* [DATA FOR THE TASK]
---

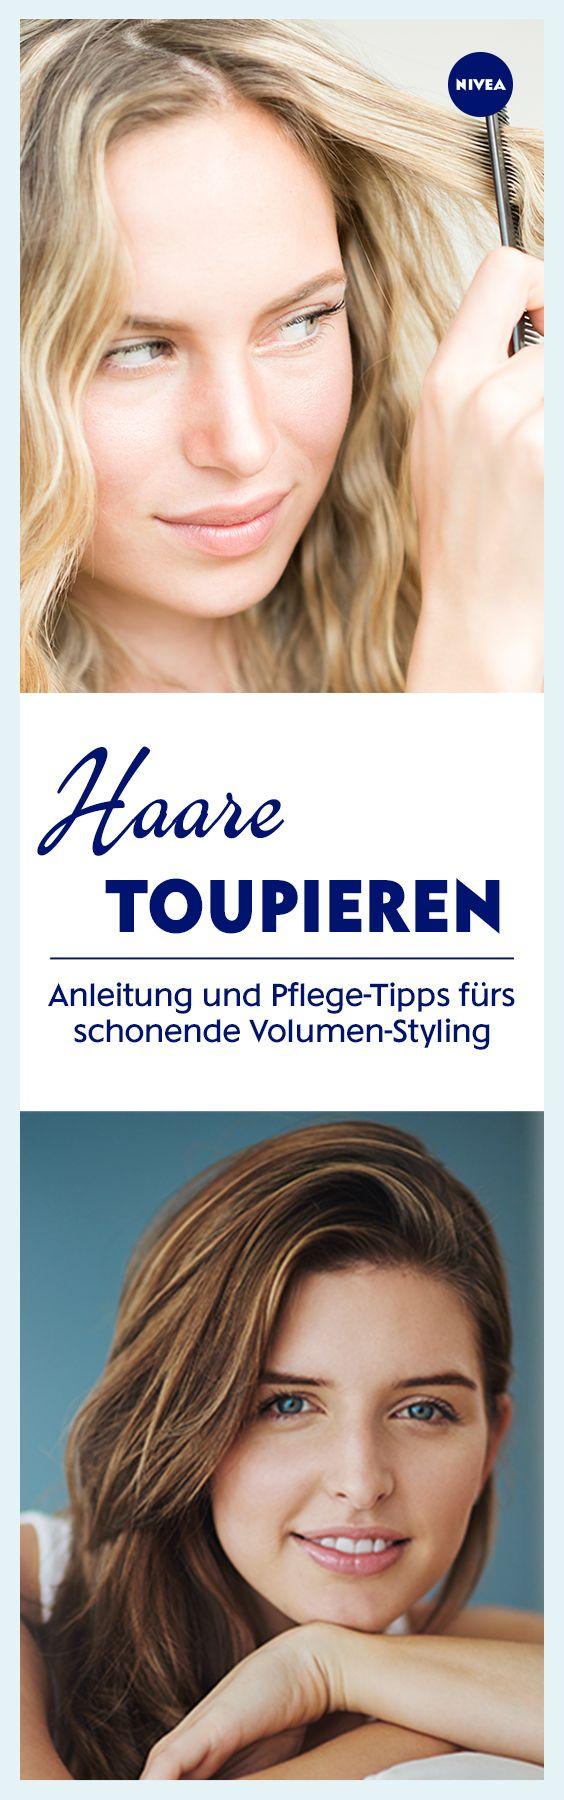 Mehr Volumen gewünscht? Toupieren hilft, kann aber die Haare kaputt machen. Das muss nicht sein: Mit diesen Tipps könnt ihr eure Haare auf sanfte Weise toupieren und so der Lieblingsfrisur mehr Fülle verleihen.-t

---

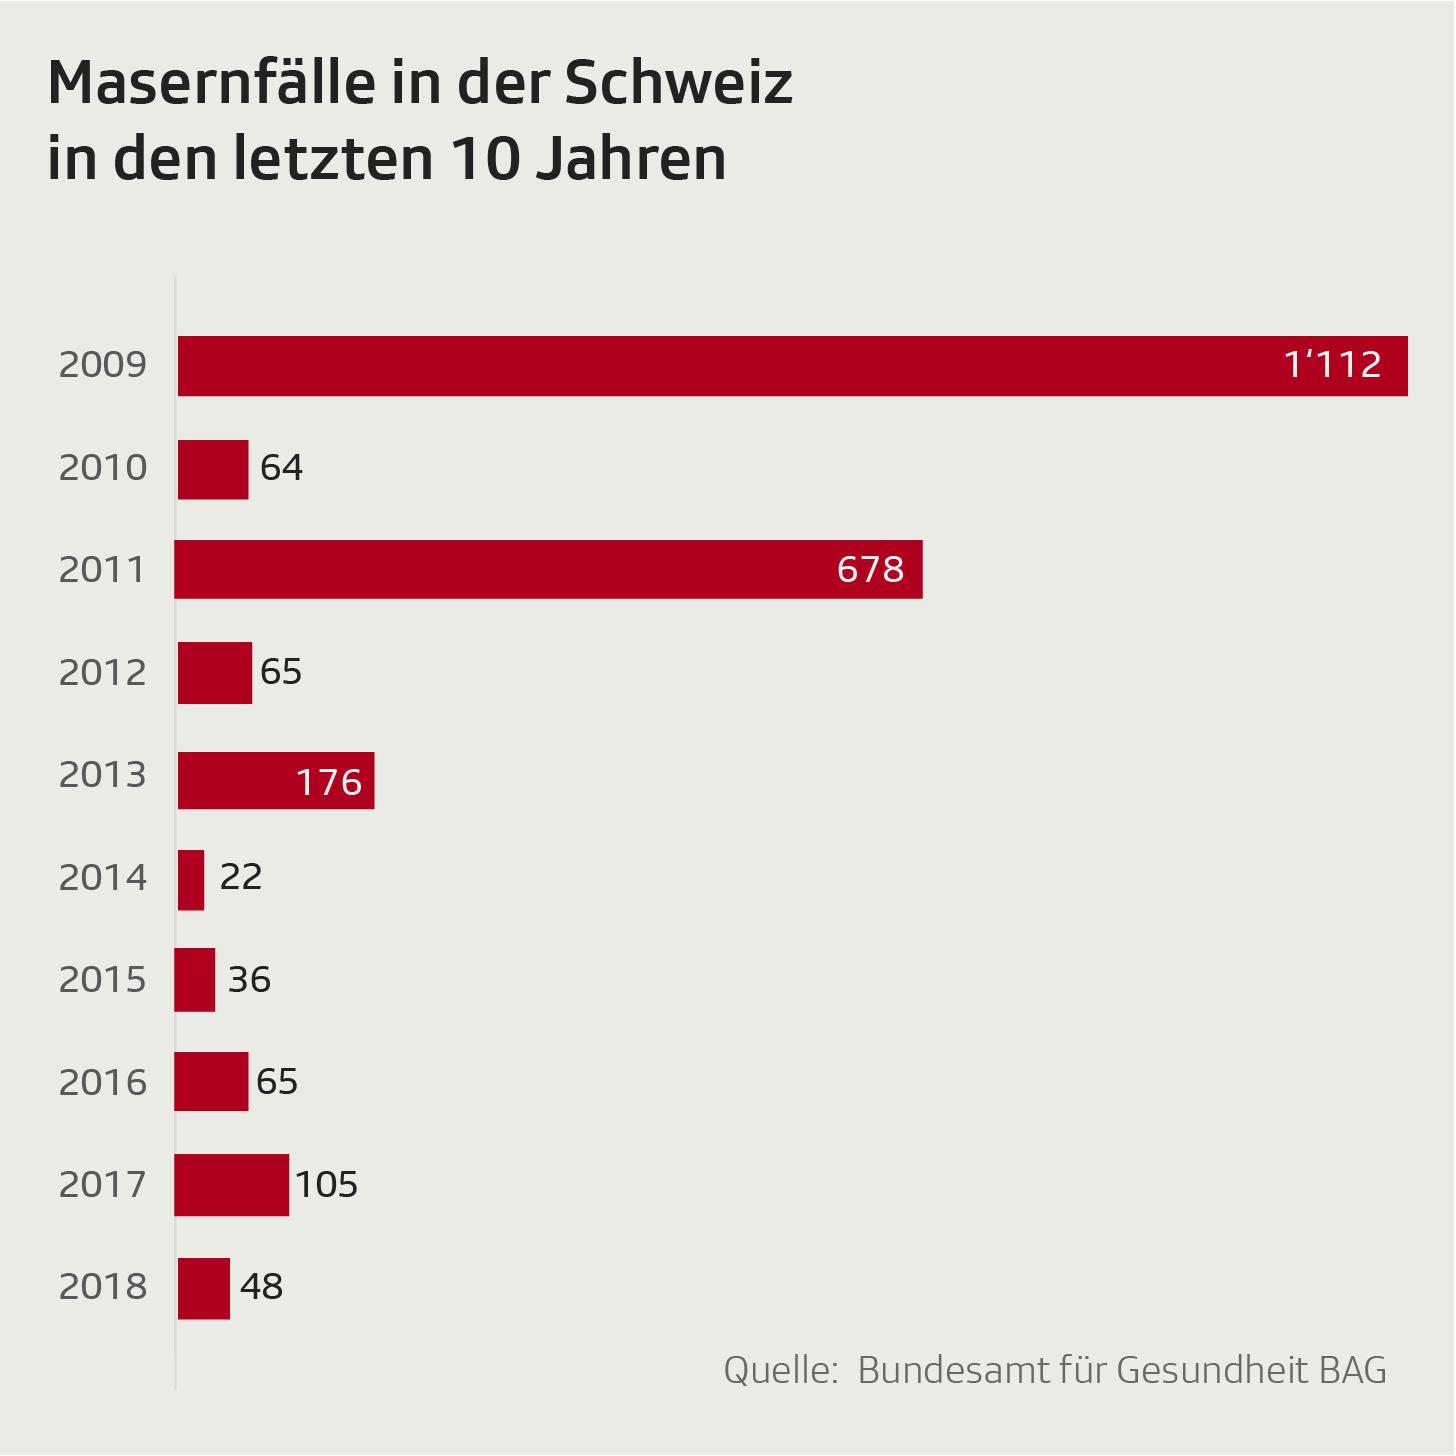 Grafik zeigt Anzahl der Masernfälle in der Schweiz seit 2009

---

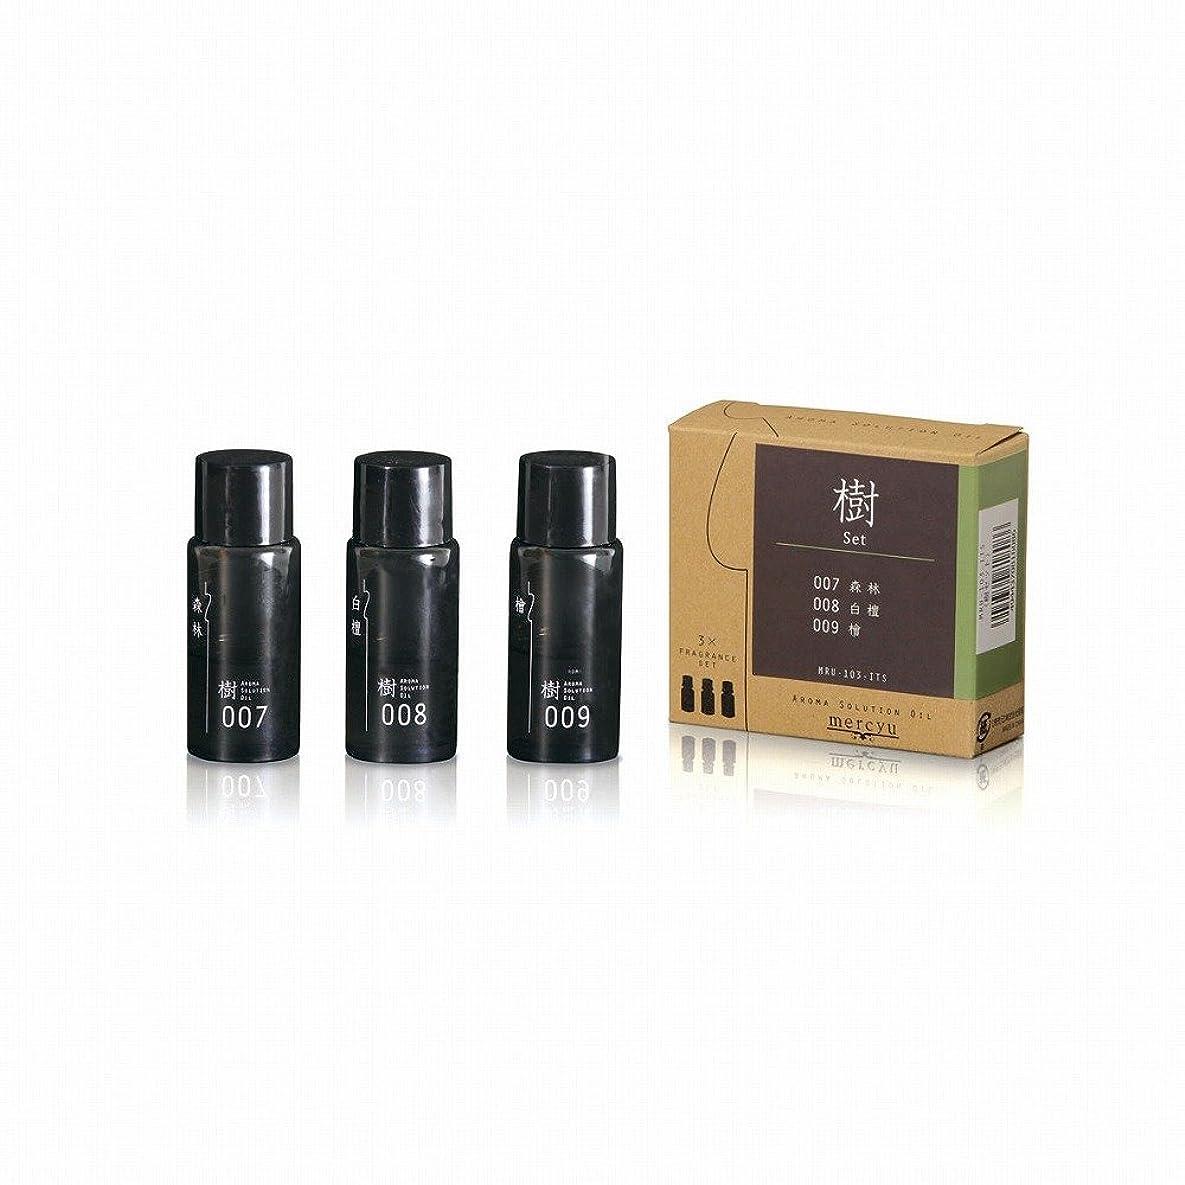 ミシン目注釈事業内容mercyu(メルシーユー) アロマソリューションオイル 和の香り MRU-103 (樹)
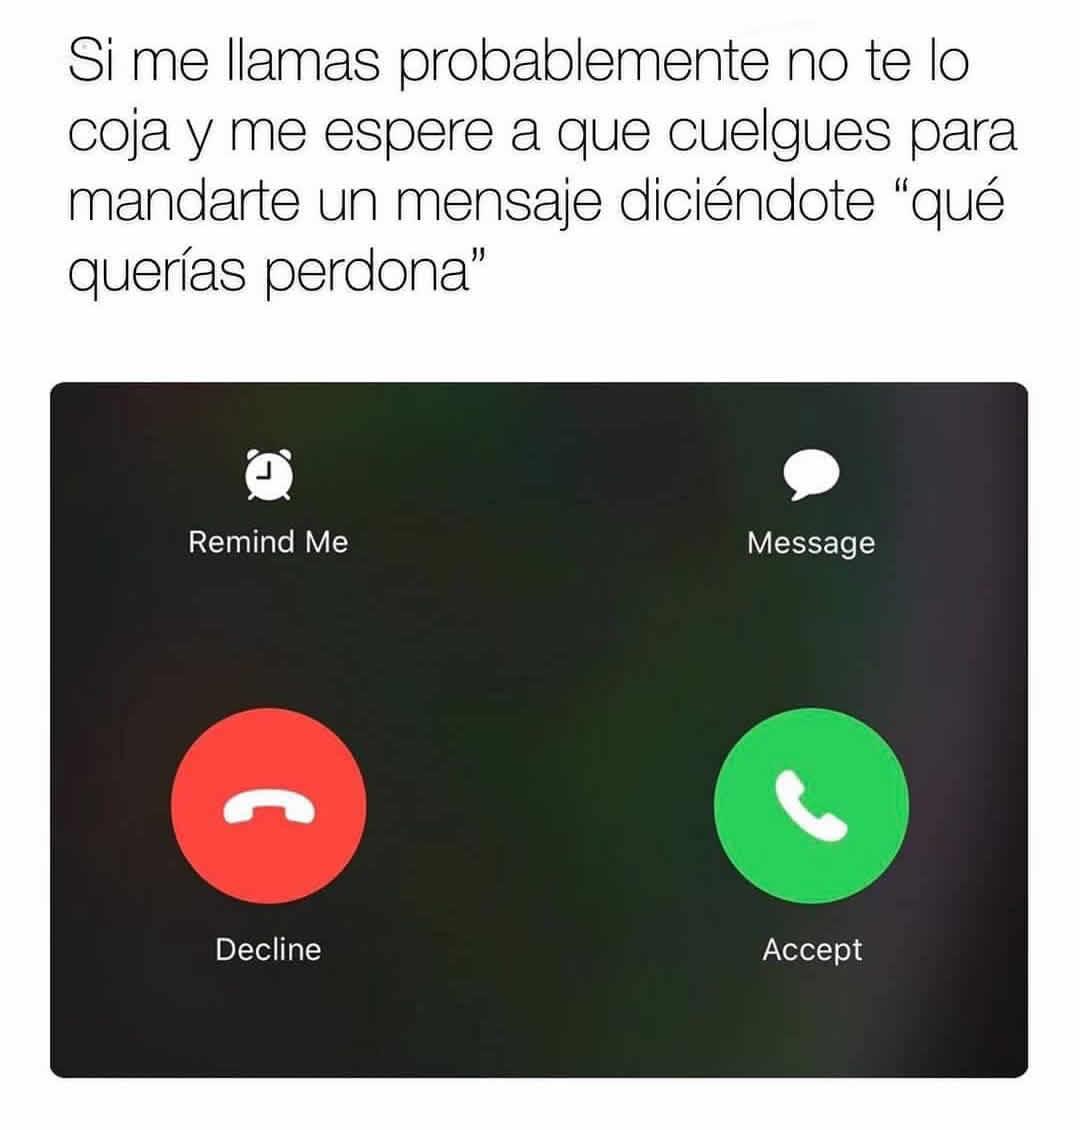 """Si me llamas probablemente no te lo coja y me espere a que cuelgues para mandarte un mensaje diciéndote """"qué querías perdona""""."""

---

* [EXERCISE] From the records above, extract the lines from the one holding "ミシン目注釈事業内容mercyu(メルシーユー) アロマソリューションオイル 和の香り" through the one holding "me llamas probablemente", word for word; omit the pictures.

* [RESPONSE BELOW]
 ミシン目注釈事業内容mercyu(メルシーユー) アロマソリューションオイル 和の香り MRU-103 (樹)
 """Si me llamas probablemente no te lo coja y me espere a que cuelgues para mandarte un mensaje diciéndote """"qué querías perdona""""."""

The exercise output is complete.